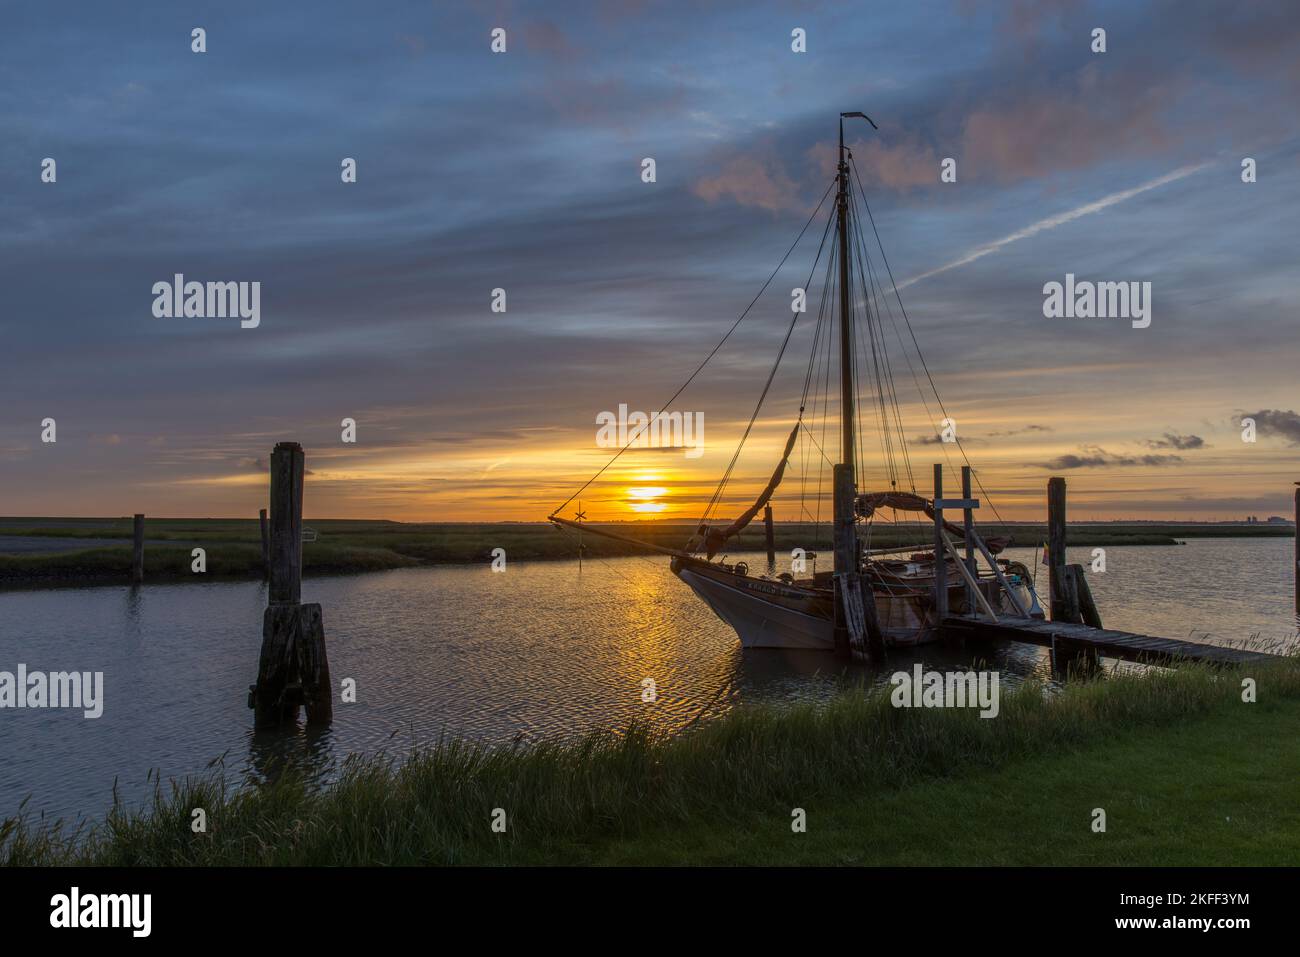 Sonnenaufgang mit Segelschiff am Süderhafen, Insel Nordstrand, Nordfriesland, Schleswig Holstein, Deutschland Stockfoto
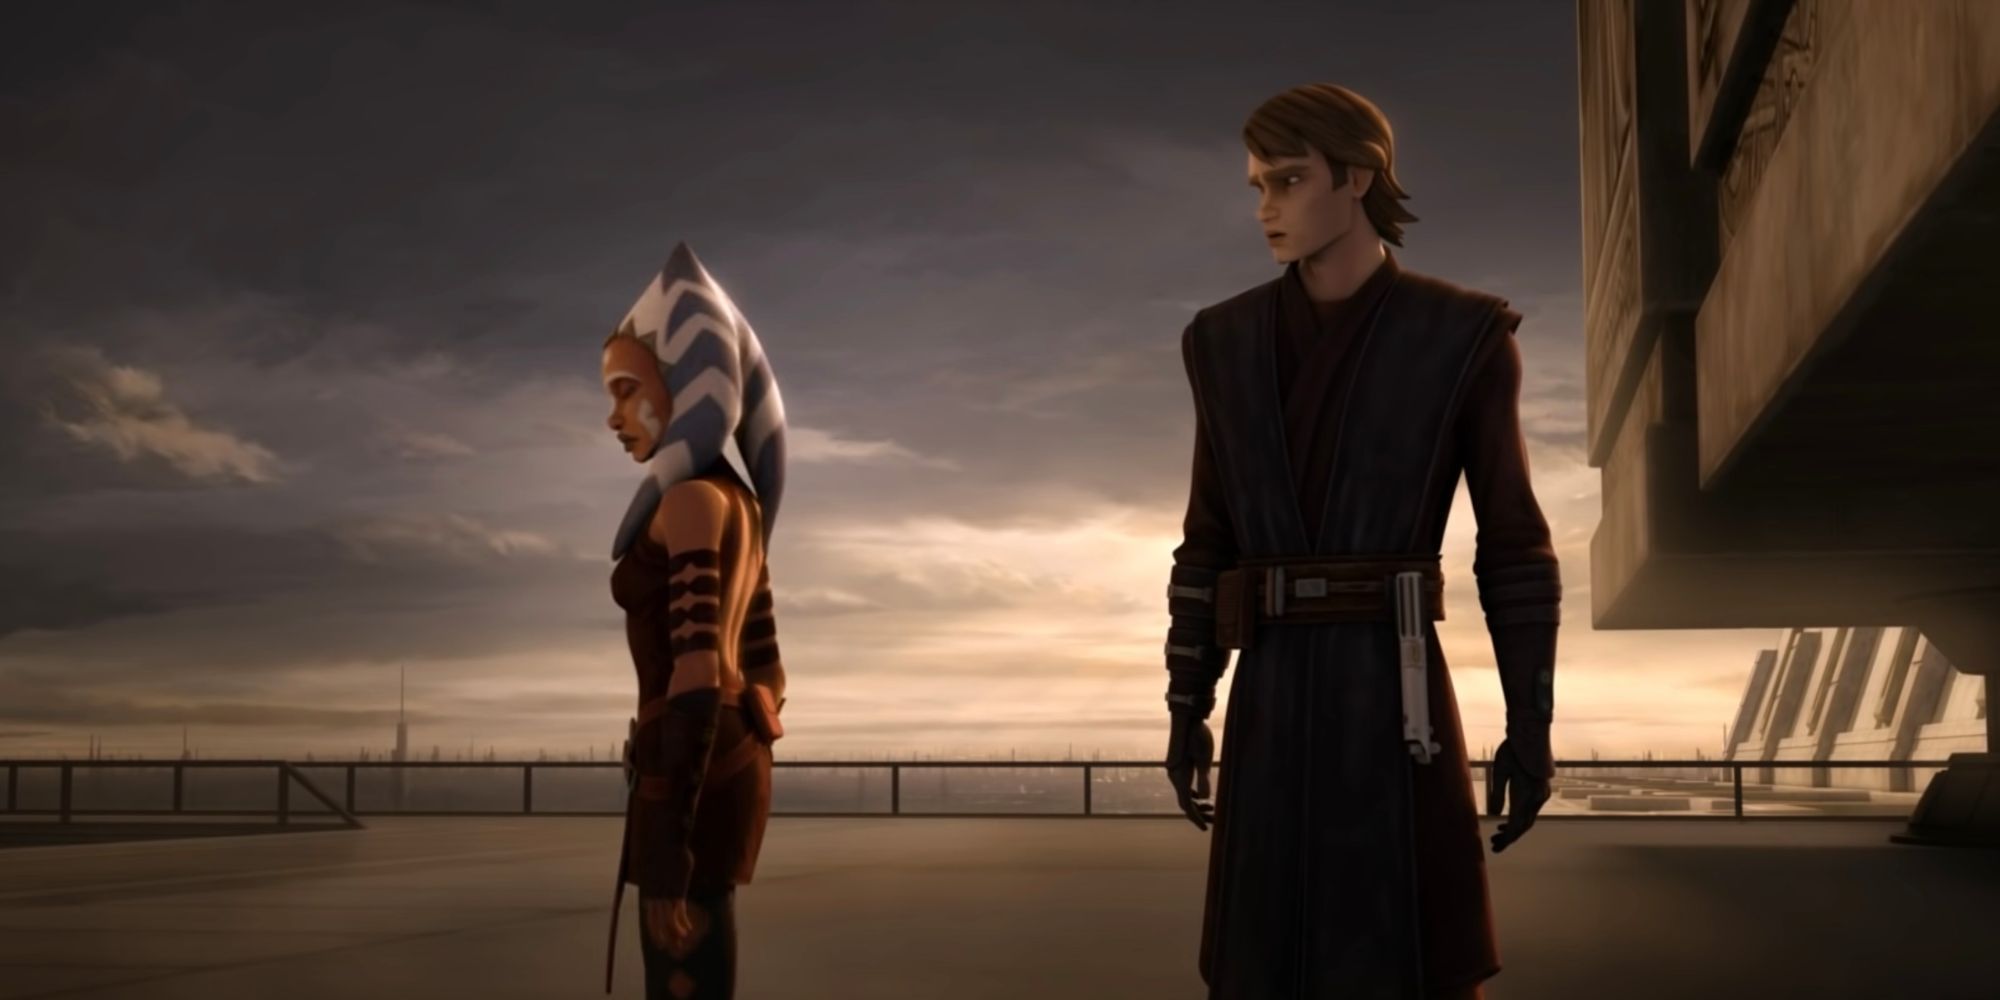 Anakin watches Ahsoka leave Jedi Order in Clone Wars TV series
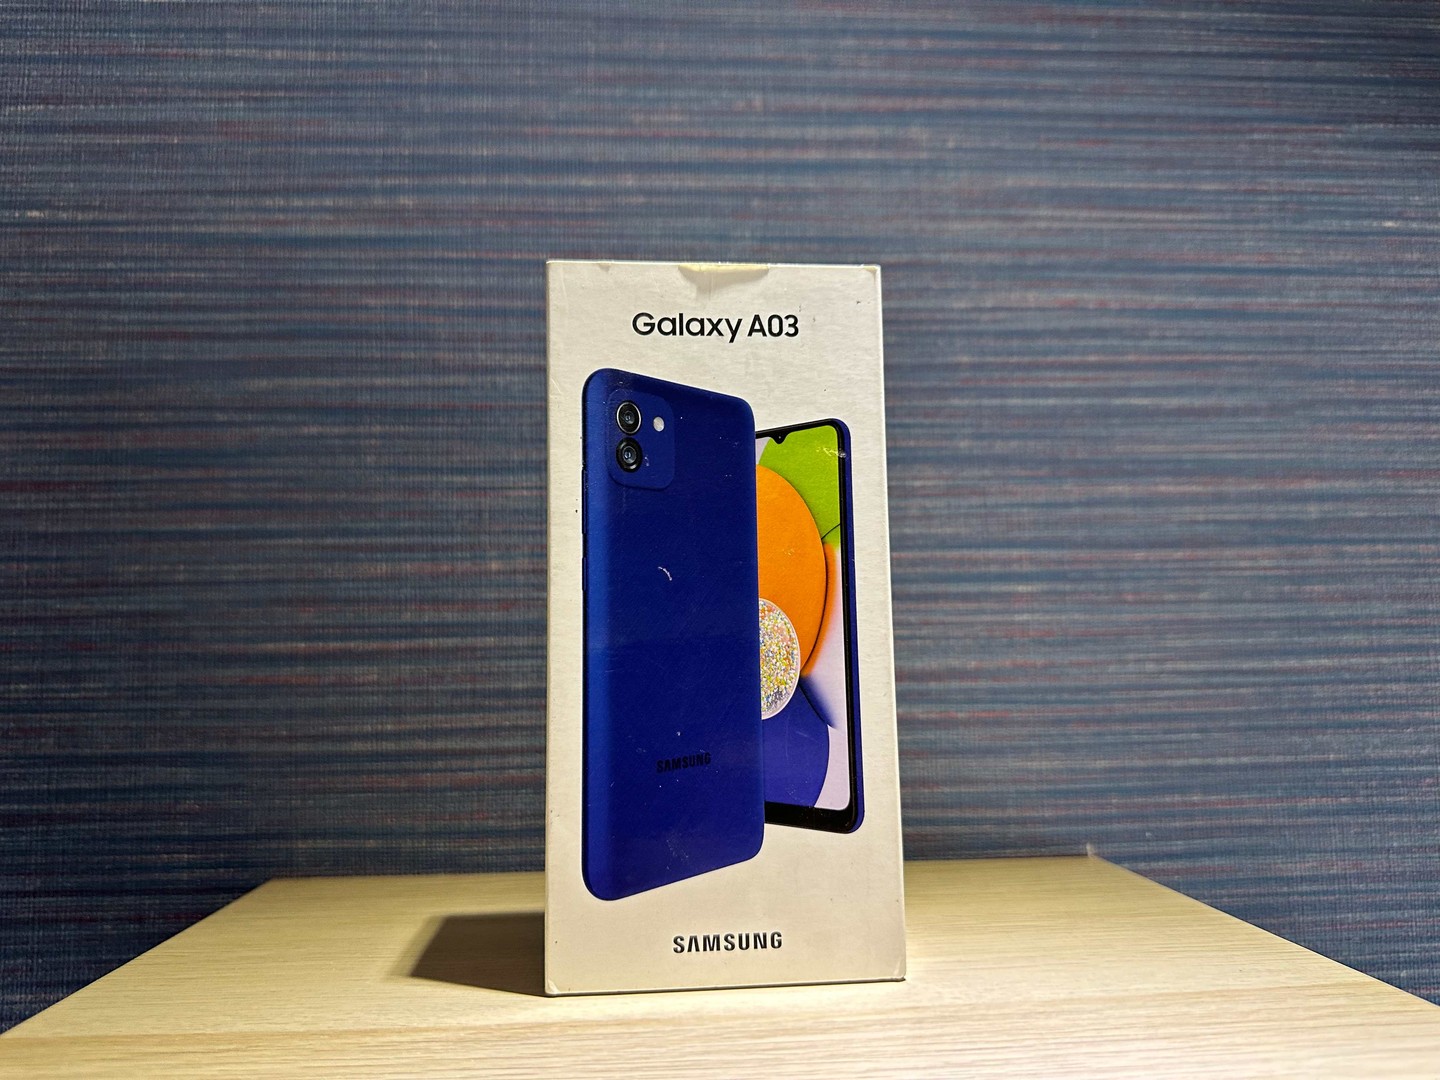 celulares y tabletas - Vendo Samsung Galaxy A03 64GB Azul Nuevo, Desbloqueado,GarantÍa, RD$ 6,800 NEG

□ □ □ □ □ □ □

(Task brief) Reproduce exactly the lines from the beginning of the material down to the line containing "Anakin watches Ahsoka", both ends included, but not the pictures or anything after.

(Result for this exercise)
 Sonnenaufgang mit Segelschiff am Süderhafen, Insel Nordstrand, Nordfriesland, Schleswig Holstein, Deutschland Stockfoto
 Anakin watches Ahsoka leave Jedi Order in Clone Wars TV series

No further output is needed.